What engine in that old thing? 350 V8? 402 Big block? Good lookin rig.


----------



## Grace Tree (Jan 5, 2008)

It's a 350.
Phil


----------



## NORTREE (Jan 5, 2008)

Where abouts in NE Ohio are you?I go out to ACRT (Akron)for classes every year.It would be cool to stop by and check out that truck in person(and maybe get a turn behind the wheel  ).I'm getting ready to weld a hitch plate into my '92.I'm going to weld in a receiver tube and use a pintle hook on a receiver.As you can see in the photos I posted earlier the frame ends under the truck aways.I also like the versatility of a receiver hitch.


----------



## joesawer (Jan 5, 2008)

Very nice truck. When I was younger those trucks ruled the logging woods. Every one either had a "Great Mountain Climber" or they wanted one. Some freinds of mine had had a red one just like that (except for a dead tandem and a log rack) nicknamed Prince Albert. 
We have chipped into dump trucks without a chip bed and have had good luck just raising the bed just a few feet and pointing the shoot down some. 
Double doors are nice but they put you right in the middle when opening, wich can be bad if you have some big rounds just waiting to fall out.


----------



## Grace Tree (Jan 6, 2008)

Nortree, you're more than welcome to stop by. I live in a small town about 40 miles north, northeast of Akron. We're shut down in January & February so the trucks is stored on a farm some distance from my house but we'll be dragging it out in March to start all over again. Just drop me an email. 
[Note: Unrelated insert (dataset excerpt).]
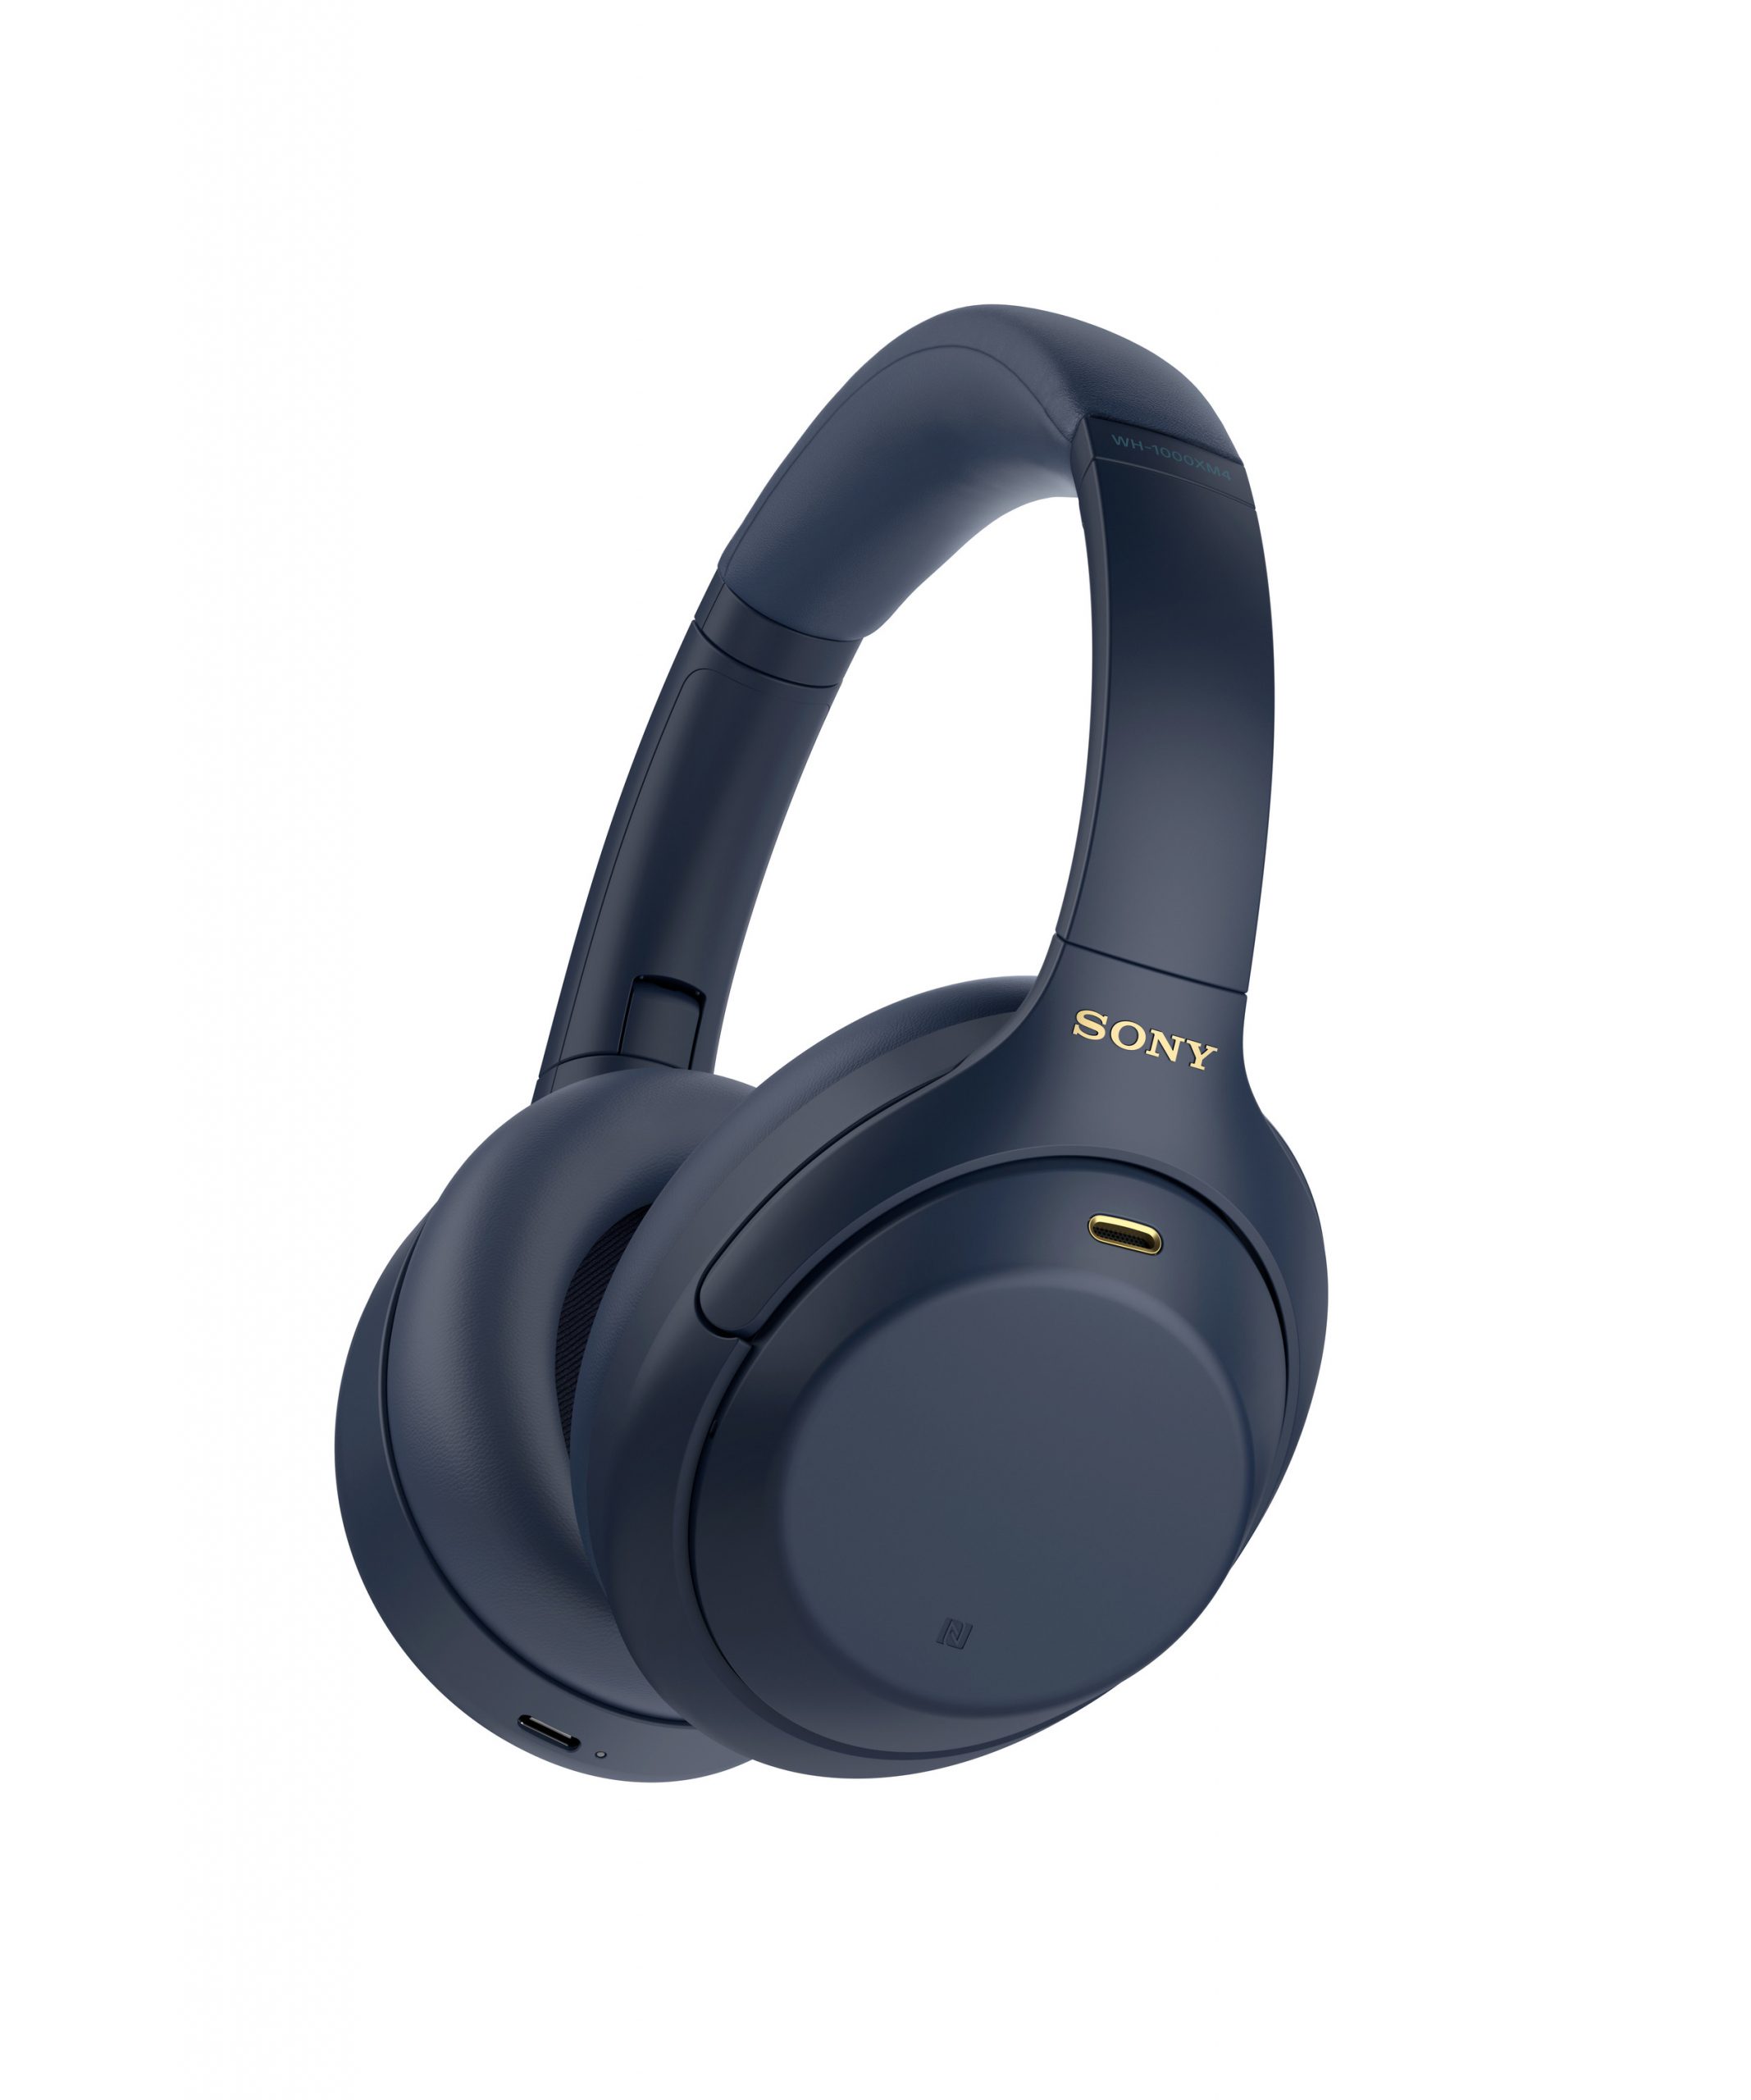 Sony giới thiệu tai nghe chống ồn WH-1000XM4 phiên bản Xanh bóng đêm hoàn toàn mới

Joesawyer, I doubt that most people remember Prince Albert in the red tins. I'm not even sure that people name their trucks any more. There used to be an old farmer around here that called his pickup "ol dynamite" . He said it was because it could blow up without warning.
Regards,
Phil


----------



## kah68 (Jan 7, 2008)

Sweet truck man, and if the 350 ever goes south you have plenty of room to swap in a 12 valve 5.9


----------